Скомандовал и… стушевался: где совещаться? В офицерском собрании? Повел в свою квартиру и, пока рассаживались новоиспеченные командиры в маленькой уютной гостиной, присматривался к ним. Задумчиво-напряженные лица у пожилых казаков, наивно-удивленное у Леднева и совершенно беспечное у Прохора Костюкова. Не напрасно ли избрали его взводным? Какой из него командир? Не посчитались казаки с вековечной мудростью солдатской: молодой — на службу, старый — на совет. Молодайкам в станицах головы кружить — это Прохору в самый раз бы. Но дело сделано.

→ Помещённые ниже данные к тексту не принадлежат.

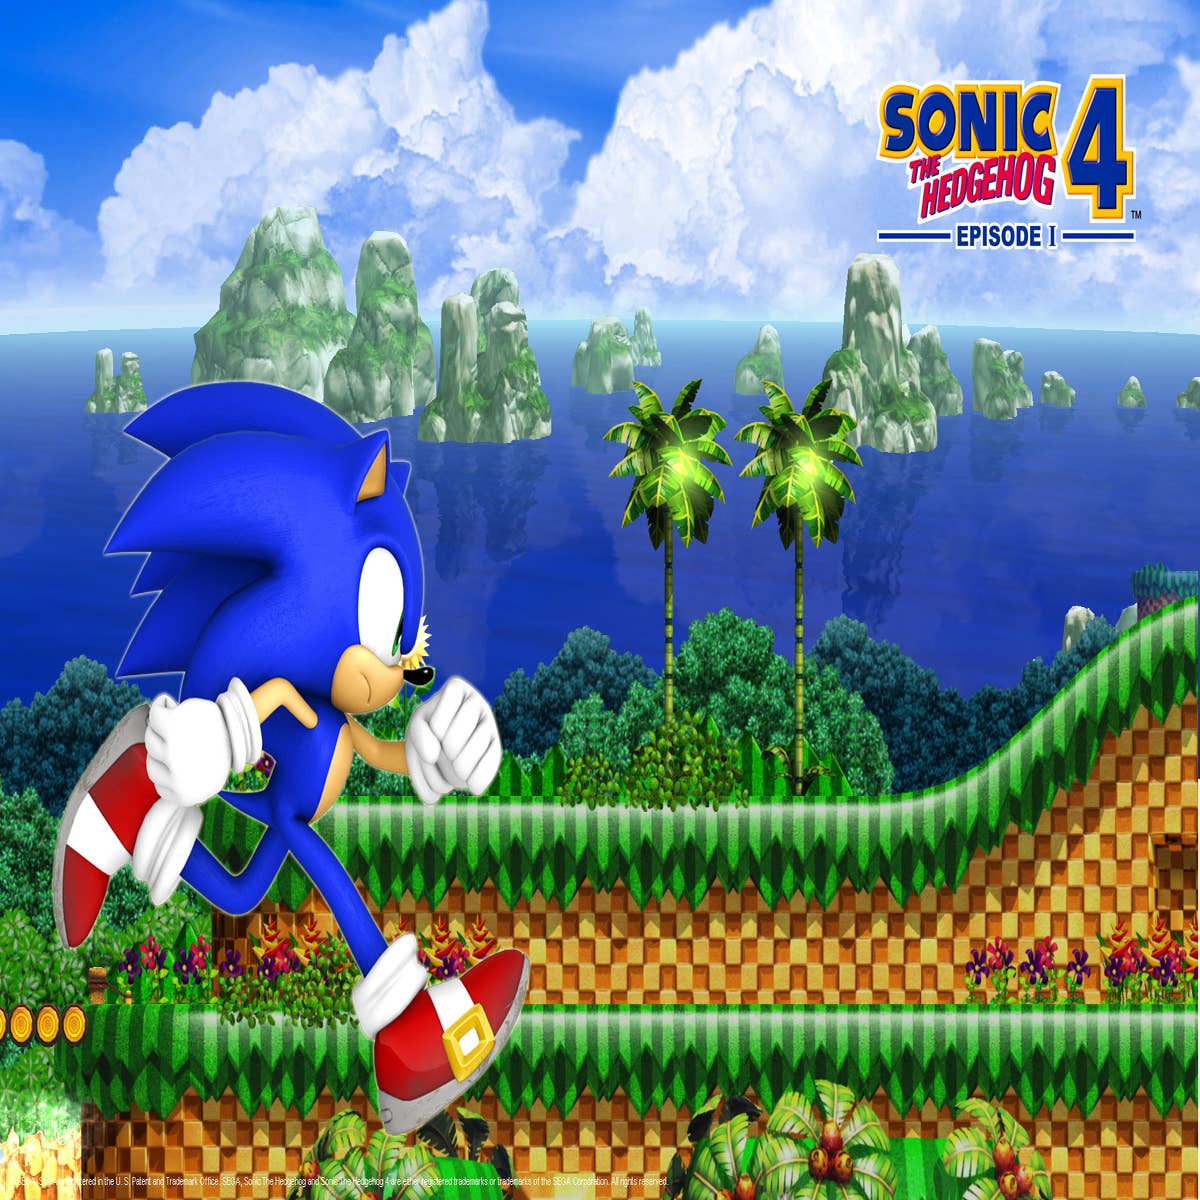 Sonic 4 Episode 1 Music: Splash Hill Zone Act 1

— Я собрал вас на совет командиров, — начал немного торжественно Богусловский и сам же смутился. Какой совет? Вздохнув, продолжил уже буднично: — Как обороняться станем, давайте прикинем…
— При нижних чинах счел перечить неуместным, теперь же позвольте, Иннокентий Семеонович, усомниться в целесообразности организации обороны. Возможно ли предательство? Я не могу помыслить, чтобы Андрей Павлантьевич так низко пал. Из одной тарелки хлеб брали… — сказал Леднев.
— Табачок, думаю, у вас с ним поврозь был! — весело, даже радостно улыбаясь, бросил реплику Костюков.
«Ишь ты, психолог», — одобрительно подумал Богусловский. Ледневу же ответил вопросом:
— Потерявший честь единожды, дорого ли ценит ее?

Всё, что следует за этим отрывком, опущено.